Then run the suite you care about:

java -cp "target\test-classes;target\classes;$cp" com.demcha.compose.CurrentSpeedBenchmark
java -Dgraphcompose.benchmark.profile=smoke -cp "target\test-classes;target\classes;$cp" com.demcha.compose.CurrentSpeedBenchmark
java -cp "target\test-classes;target\classes;$cp" com.demcha.compose.ComparativeBenchmark
java -cp "target\test-classes;target\classes;$cp" com.demcha.compose.BenchmarkDiffTool current-speed
java -cp "target\test-classes;target\classes;$cp" com.demcha.compose.BenchmarkDiffTool comparative

Use the suite shortcut when possible. BenchmarkDiffTool current-speed already knows how to select the newest compatible pair for the current-speed suite.

Troubleshooting

Why did 09-diff-current-speed skip?

Because there were not yet two current-speed reports with the same profile as the latest run.

Example:

  • latest run is full
  • historical reports contain only one full run and several smoke runs
  • result: the diff is skipped because there is no compatible pair yet

Why do I see a scary sun.misc.Unsafe warning during 01-build-classpath?
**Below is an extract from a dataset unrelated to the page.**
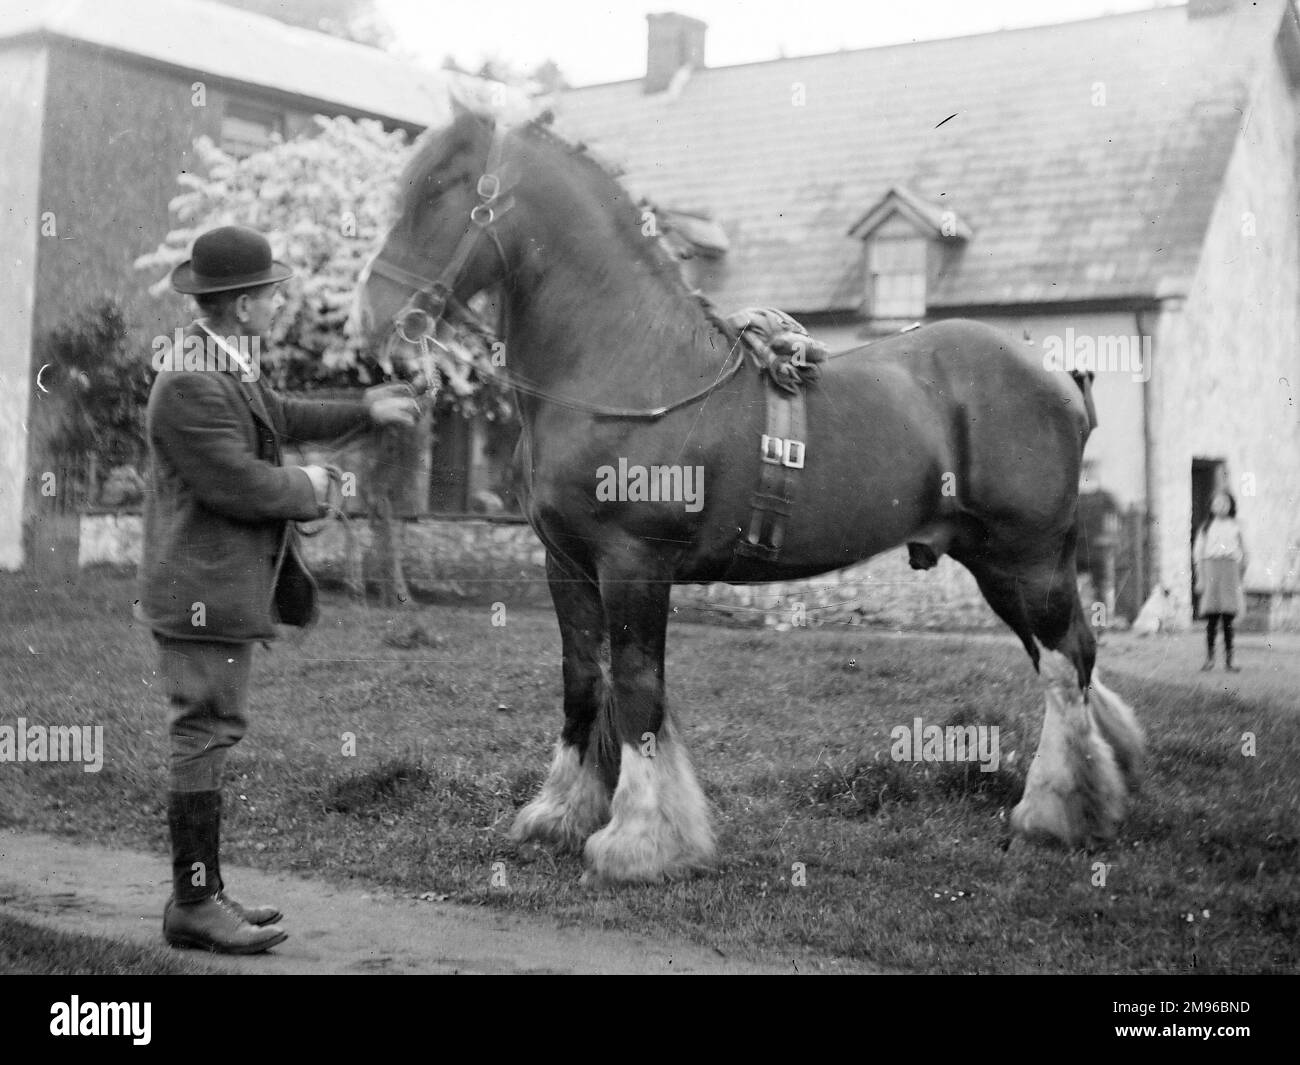 Un Signore che tiene le redini di un cavallo shire di fronte a una casa, probabilmente da qualche parte nel Galles centrale. Una bambina guarda da lontano. Foto Stock

Today that warning comes from Lombok on newer JDKs. If the Maven section still ends with BUILD SUCCESS, treat it as noisy stderr, not as a benchmark failure.

Why did one local run get much slower even though the code did not obviously change?

Local benchmark numbers are sensitive to machine conditions:

  • background CPU load
  • OneDrive or antivirus activity
  • thermal throttling
  • JVM warmup differences
  • GC timing

Do not call a one-off slowdown a code regression until repeated runs show the same direction.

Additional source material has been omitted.